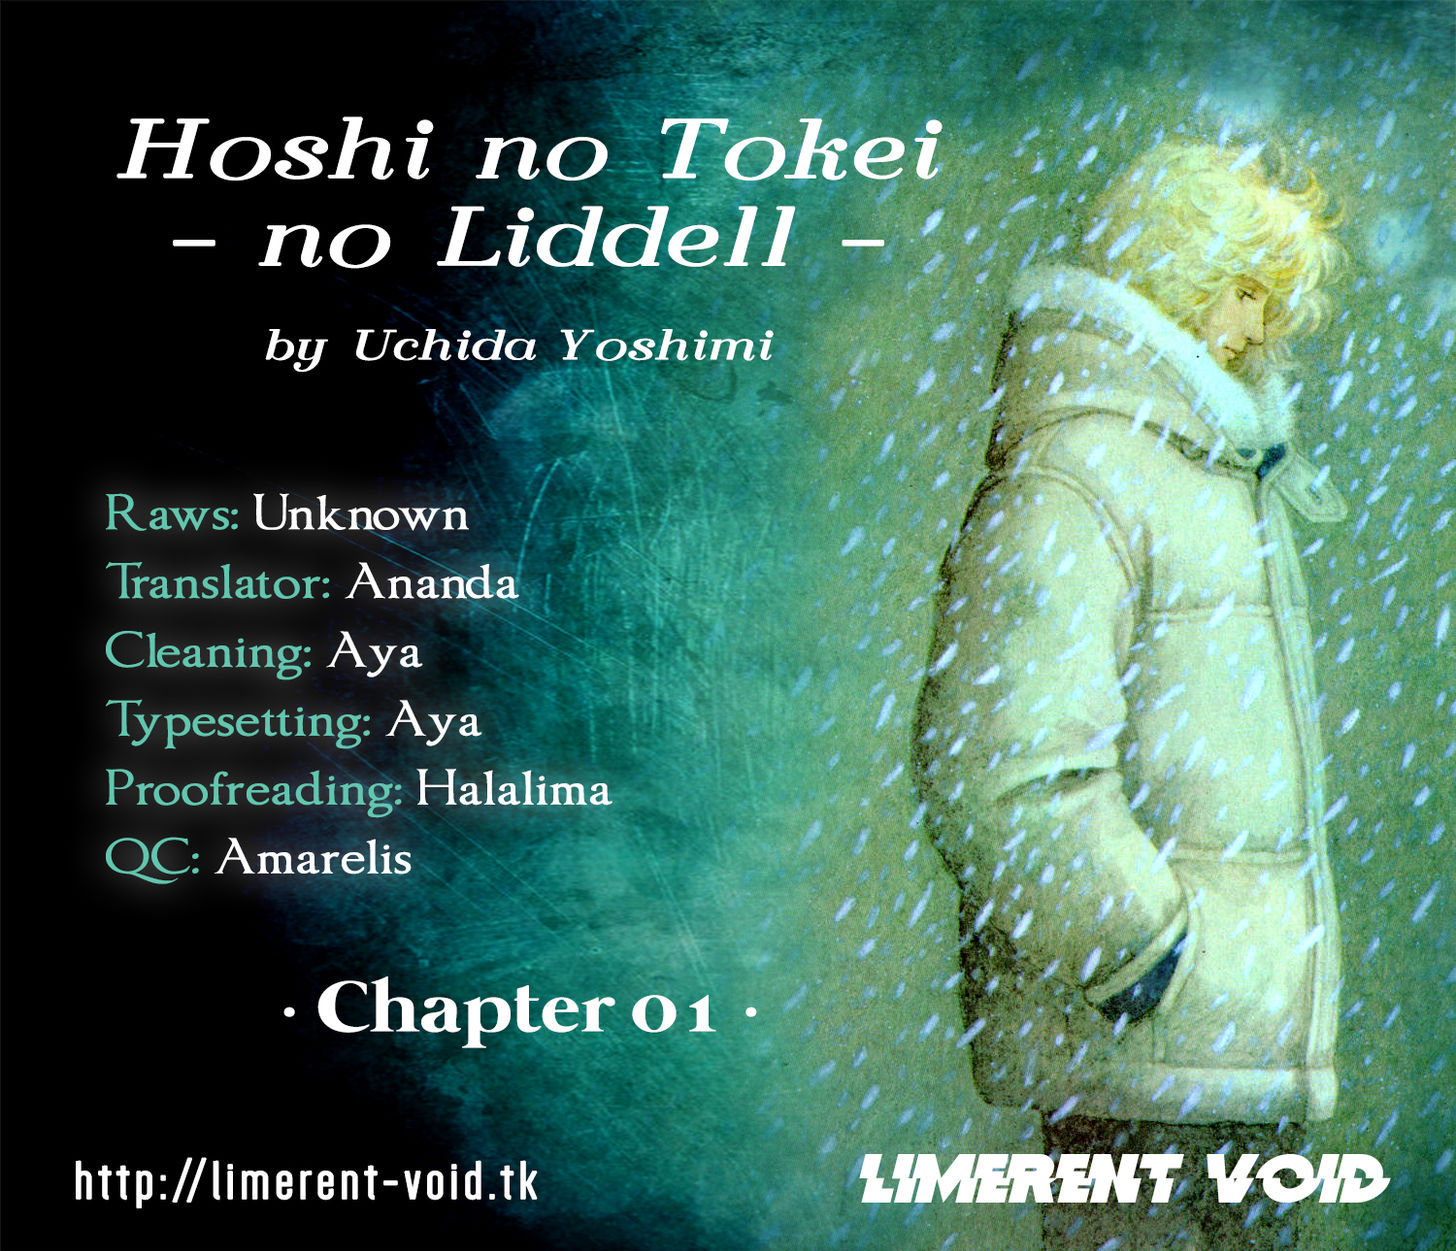 Hoshi no Tokei no Liddell 1
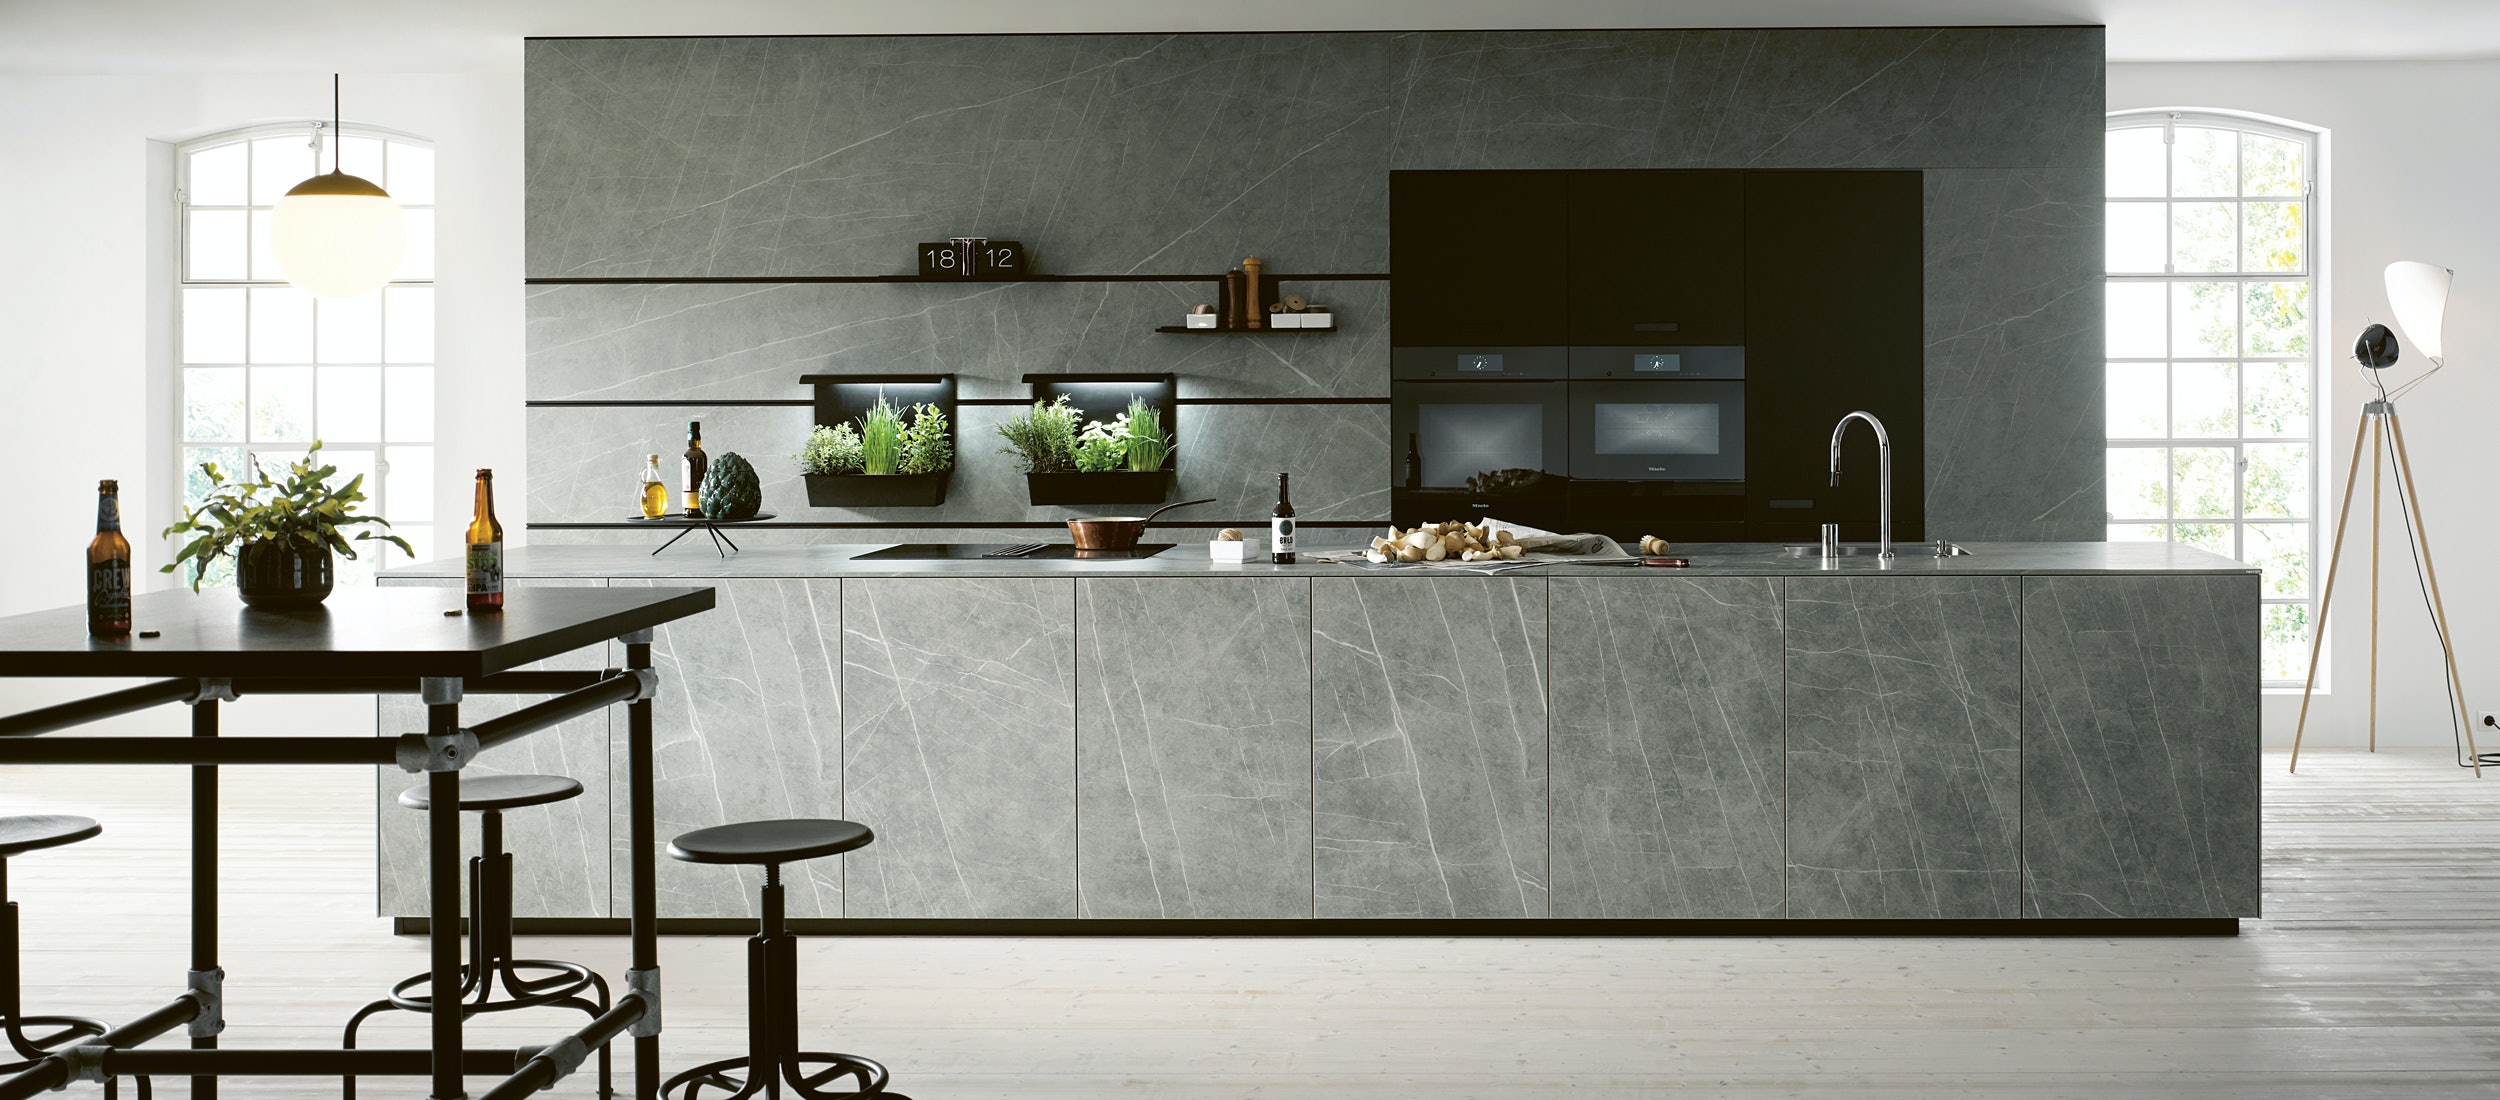 next125 NX950 keuken met keramisch front in marmer grigio
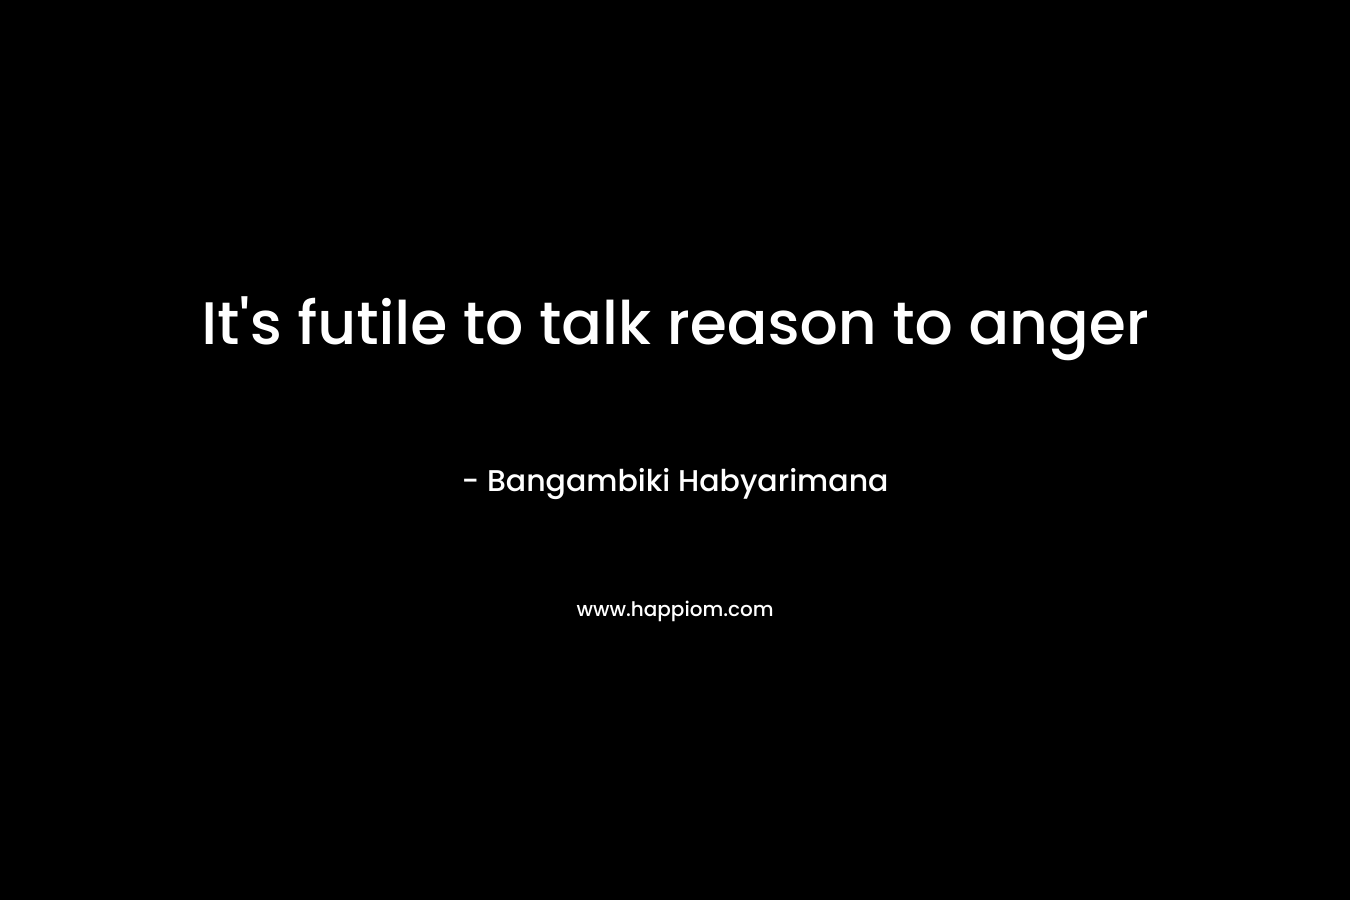 It's futile to talk reason to anger

## TASK DIRECTIONS
Copy the data word for word, no pictures.

## RESULT OF THIS TASK
 Hoshi no Tokei no Liddell 1
 next125 NX950 keuken met keramisch front in marmer grigio
 It's futile to talk reason to anger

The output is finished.